I've been considering how sports with binary outcomes might be modelled e.g. the probability of a tennis player winning a point on serve.

In text books the usual Bayesian approach uses the beta-binomial. The updating rule is equivalent to starting with some pseudo observations for successes and failures and adding on new successes and failures as they occur, from which you calculate your new probability of winning that particular point.

I've read an alternative is the binomial logistic-normal where the log of the odds (logit) approaches a normal distribution. What would my Bayesian updating rule be here for each new success or fail?

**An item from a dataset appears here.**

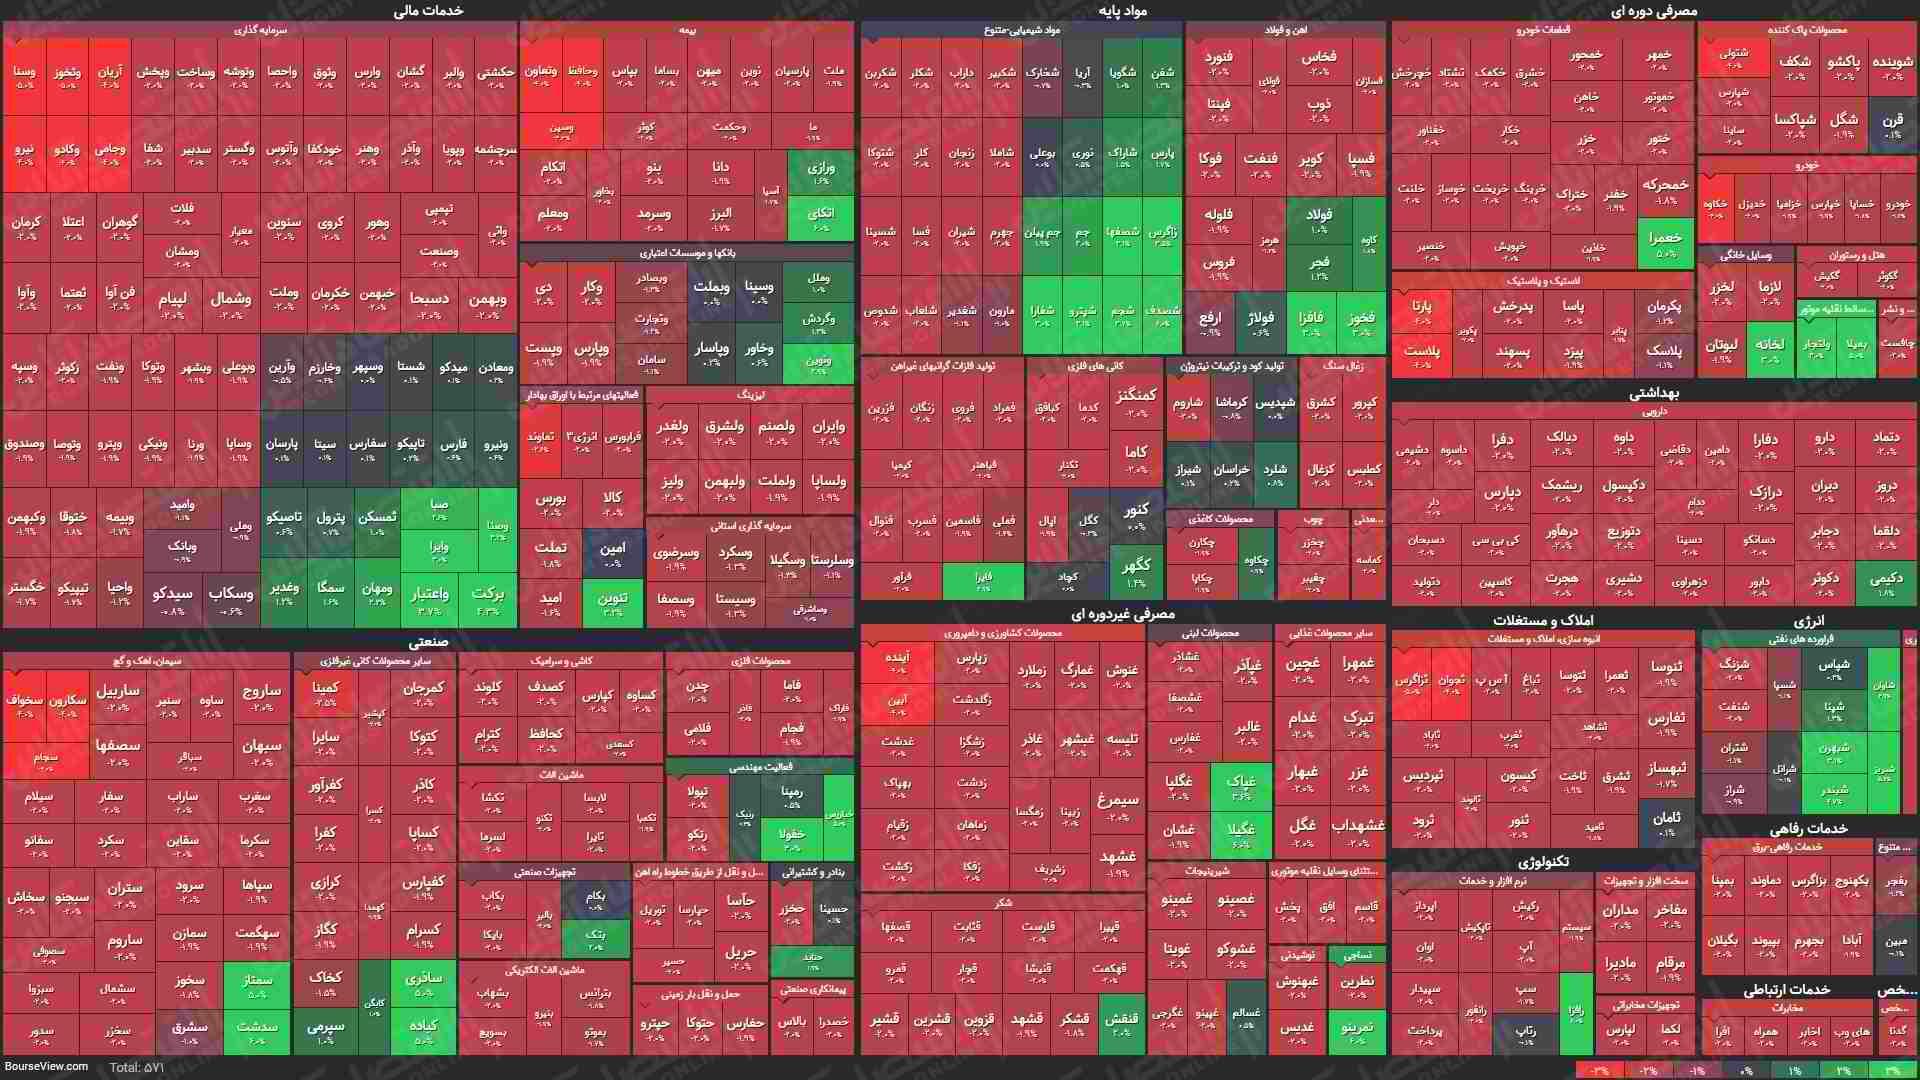 نقشه بازار 99.12.17 L!
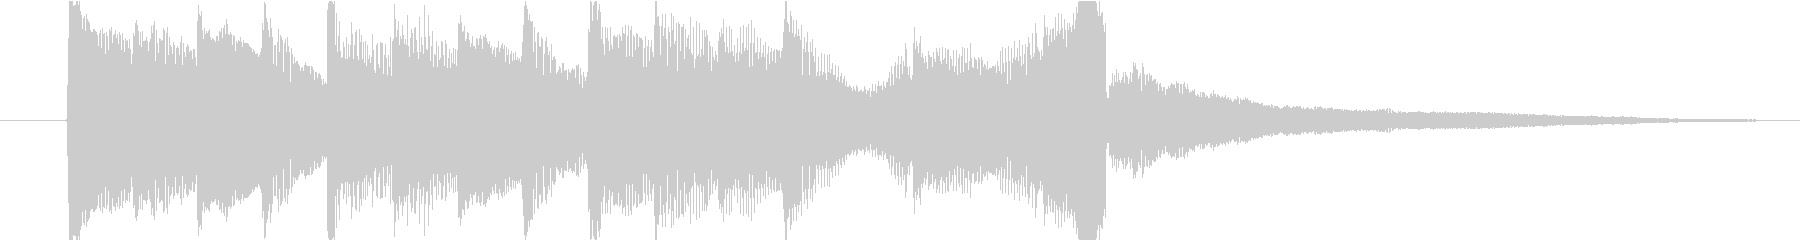 アコギとピアノで奏でるジングル#1の未再生の波形

I assume the odds get multiplied by a different factor each point (adding to the logit)?

I don't yet have the ability in statistics to understand GLMs or GLMMs properly but I'm still curious to know the updating rule as I could plot graphs for p and the logit, calculate moments, and get some intuition for how it compares to Beta-Binomal as n gets bigger.

On page 164 of 'The Mathematics of tennis' http://www.strategicgames.com.au/book.pdf the authors use an updating rule which is the following:

"For player i the proportion of initial serving statistics $X_i$ is combined with actual serving statistics $Y_i$ to give updated serving statistics $Z_i$ at any point within the match."

"n represents the total number of points played and c is a constant."

$Z_i = e^{\!-n/c}X_i + (1−e^{\!-n/c} )Y_i$

Is this binomial logistic-normal or something different? (I emailed the one contactable author but he never got back to me.)